LM> Thanks Axel for the explanations.
LM>
LM> Anyway, just to not confuse people that, like me, only
LM> wants to write custom analysis programs with fortran,
LM> my experience is that in reading NAMD written dcd files:
LM>
LM> 1 - In fortran77, in "normal" machines (that is, those
LM> you can buy at the store at the corner, which are the
LM> only ones we have), the small code sent here should
LM> work. And, if you are using g77 and a 64 bit machine, you
LM> must compile the program with the "-m32" option.
LM>
LM> 2 - If the program is in fortran90, the code should work
LM> as well, and the "-m32" option is not required, being
LM> the code portable between 32 and 64 machines, at
LM> least with gfortran or the intel fortran compiler.

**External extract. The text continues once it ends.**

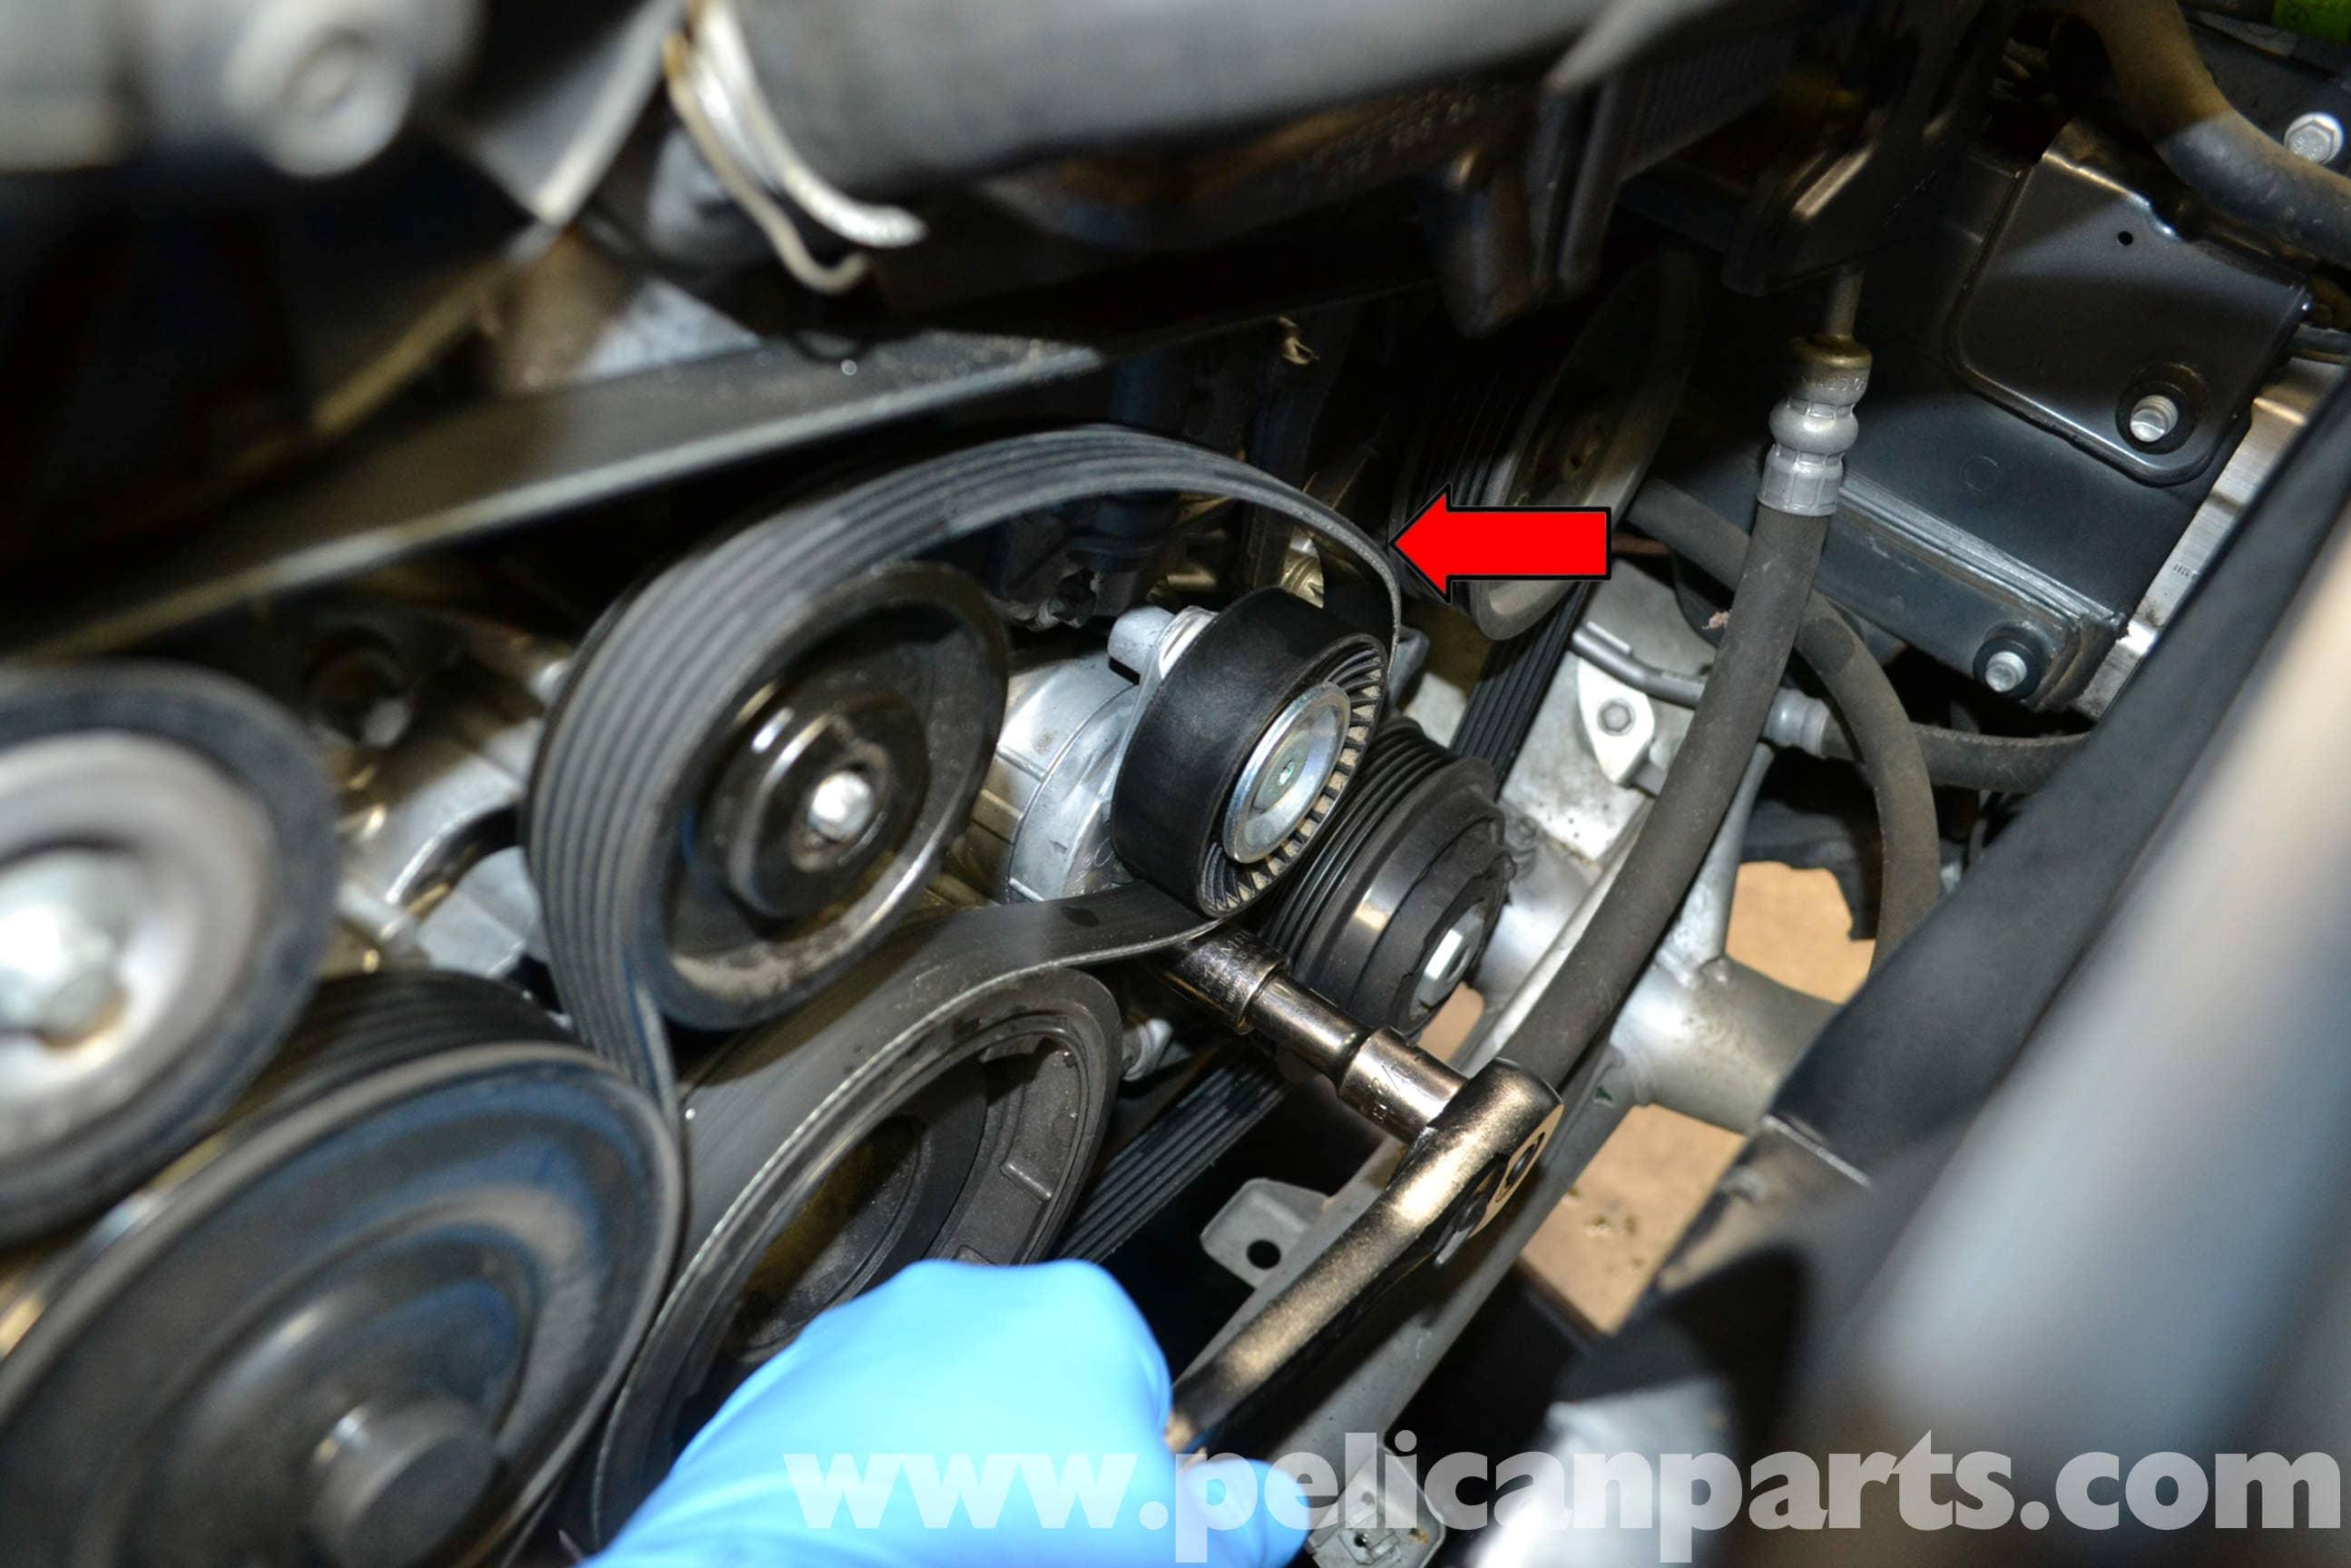 c300 mercedes engine coolant diagram wiring diagram Mercedes C240 Engine Diagram c300 mercedes engine coolant diagram all wiring diagramc300 mercedes engine coolant diagram 4

with gfortran it always depends on the value for -frecord-marker
i.e. whether the compiler has been compiled with large file
support or not. this is on a 32-bit linux fedora laptop:

[akohlmey_at_zero ~]$ uname -p
i686
[akohlmey_at_zero ~]$ cat test.f90
program test
   open(20,form='unformatted')
   write(20) 66100 ! = 1*65536 +2*256 + 52*1 (52= 3*16 +4)
   close(20)
end program test

now when running this and looking at the binary output
as a sequence of hexdecimal numbers.

[akohlmey_at_zero ~]$ gfortran test.f90 && ./a.out
[akohlmey_at_zero ~]$ hexdump -f /tmp/hexdump-fmt-2183 fort.20
04 00 00 00 00 00 00 00 34 02 01 00 04 00 00 00 00 00 00 00

[akohlmey_at_zero ~]$ gfortran -frecord-marker=4 test.f90 && ./a.out
[akohlmey_at_zero ~]$ hexdump -f /tmp/hexdump-fmt-2183 fort.20
04 00 00 00 34 02 01 00 04 00 00 00

[akohlmey_at_zero ~]$ gfortran -frecord-marker=4 -fconvert=big-endian test.f90 && ./a.out
[akohlmey_at_zero ~]$ hexdump -f /tmp/hexdump-fmt-2183 fort.20
00 00 00 04 00 01 02 34 00 00 00 04

you can see that a) the machine is little-endian since
the integer written takes 4 bytes and thus the record
marker should be 4bytes and the "little" byte comes first
in the native version (note this is -m32 !) it has a 64-bit
record marker. only in the second compile, i get the 32-bit
record marker which uses 4 bytes instead of 8. the third
shows the binary data in big-endian ordering.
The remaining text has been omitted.